* RAW DATA:

^^^^

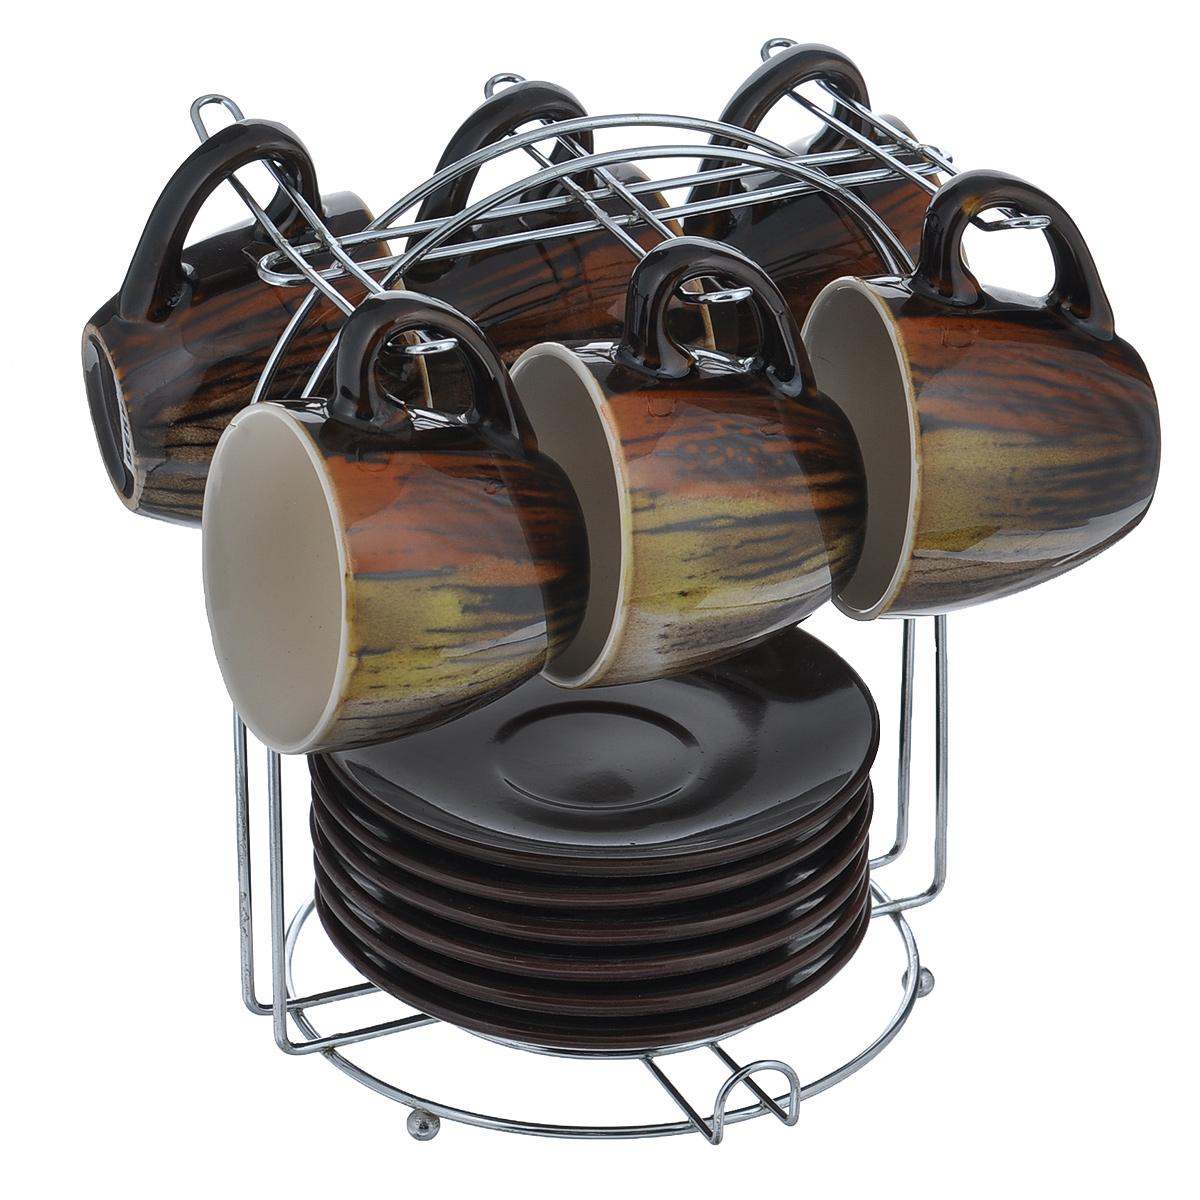 Набор кофейный Bekker Koch, цвет: коричневый, 13 предметовVT-1520(SR)Набор кофейный Bekker Koch изготовлен из жаропрочной керамики. В набор входит: шесть чашек, шесть блюдец и одна подставка.Подставка изготовлена из металла. Кофейный набор на подставке не займет много места. Набор кофейный Bekker Koch украсит ваш праздничный стол и порадует вас и ваших гостей необычным дизайном и изящными формами. Набор станет чудесным подарком к любому случаю.Можно мыть в посудомоечной машите. Диаметр чашки: 6,5 см. Высота чашки: 6 см. Диаметр блюдца: 11 см. Объем чашки: 90 мл. Размер подставки: 12 см х 16 см х 17 см.
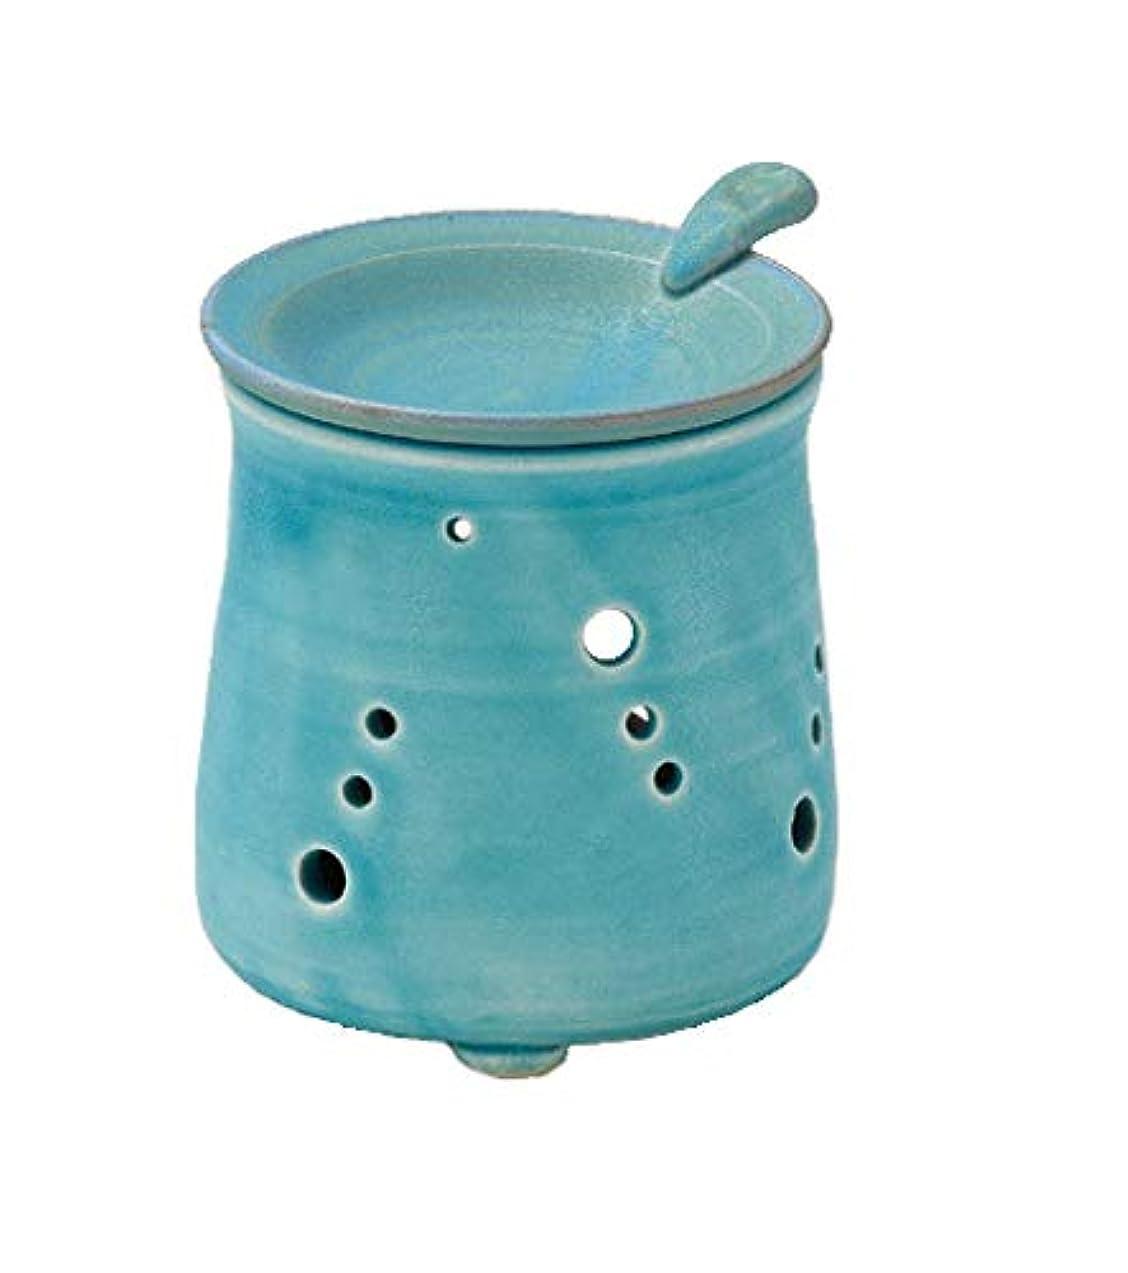 磁気チロ下着ヤマキイカイ 置物 ブルー 径9.5cm 山田トルコブルー 茶香炉 L1616
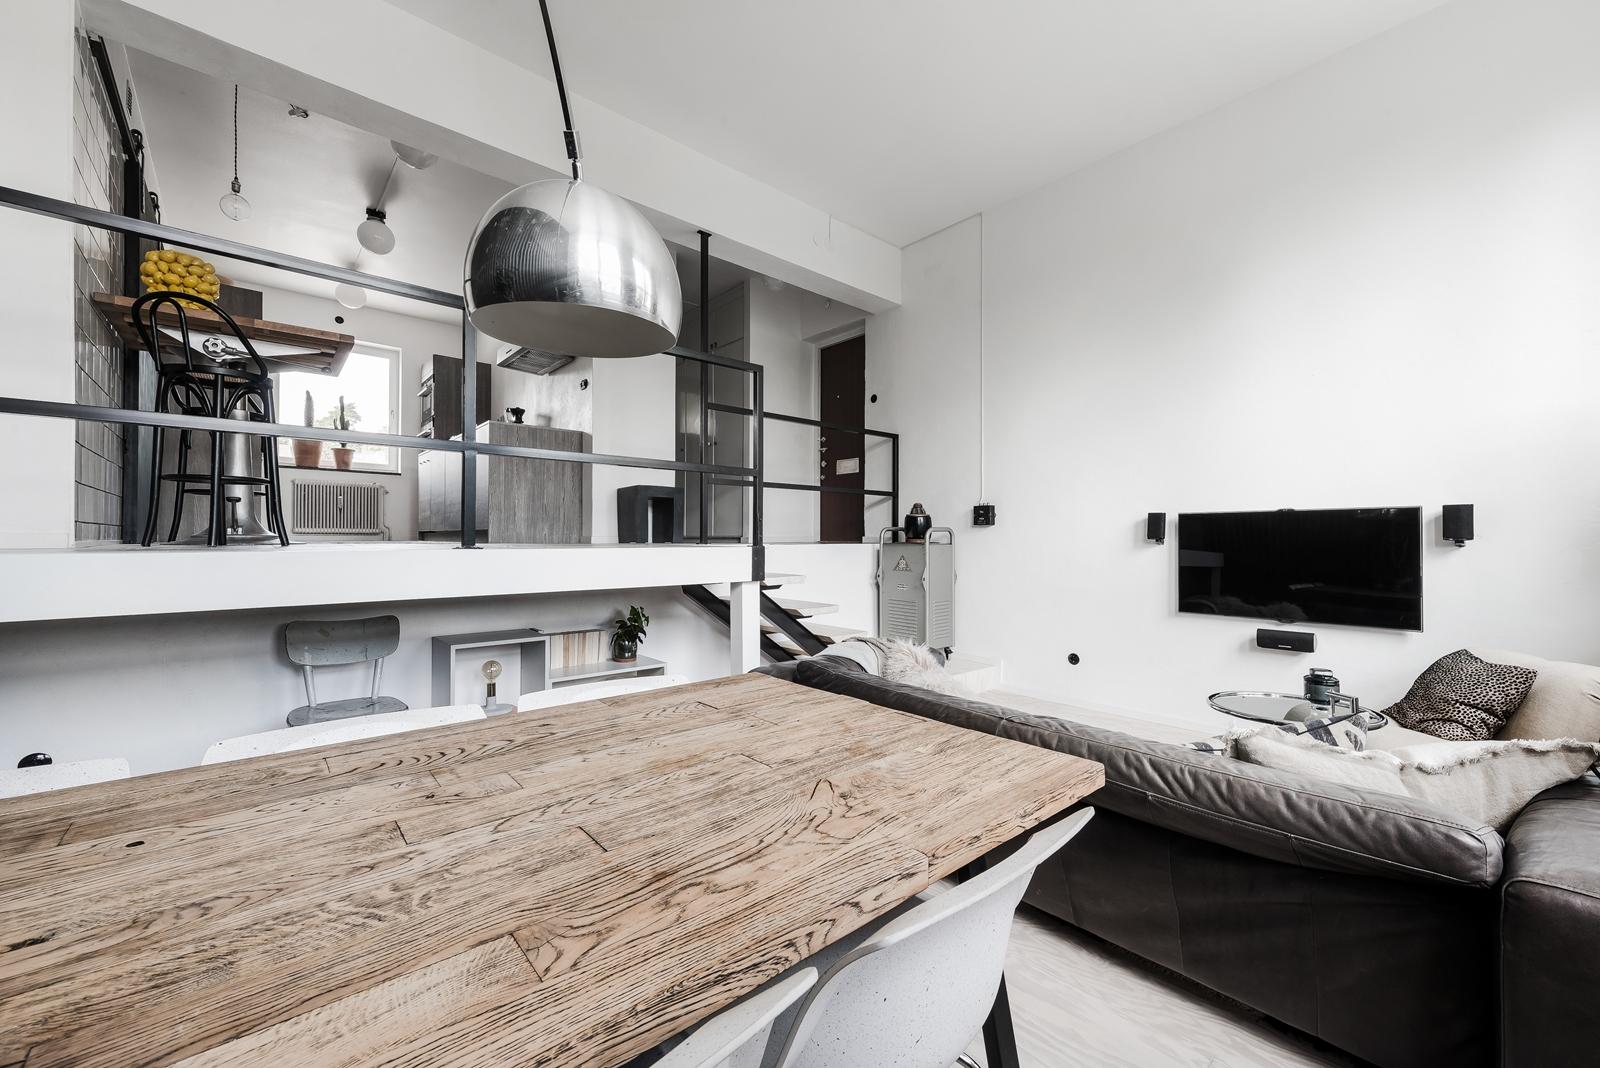 высокий потолок гостиная телевизор диван обеденный стол стулья

^^^^

* EXERCISE DESCRIPTION: Please give the data again unaltered, leaving out any images.

* SOLUTION:
 Набор кофейный Bekker Koch, цвет: коричневый, 13 предметовVT-1520(SR)Набор кофейный Bekker Koch изготовлен из жаропрочной керамики. В набор входит: шесть чашек, шесть блюдец и одна подставка.Подставка изготовлена из металла. Кофейный набор на подставке не займет много места. Набор кофейный Bekker Koch украсит ваш праздничный стол и порадует вас и ваших гостей необычным дизайном и изящными формами. Набор станет чудесным подарком к любому случаю.Можно мыть в посудомоечной машите. Диаметр чашки: 6,5 см. Высота чашки: 6 см. Диаметр блюдца: 11 см. Объем чашки: 90 мл. Размер подставки: 12 см х 16 см х 17 см.
 磁気チロ下着ヤマキイカイ 置物 ブルー 径9.5cm 山田トルコブルー 茶香炉 L1616
 высокий потолок гостиная телевизор диван обеденный стол стулья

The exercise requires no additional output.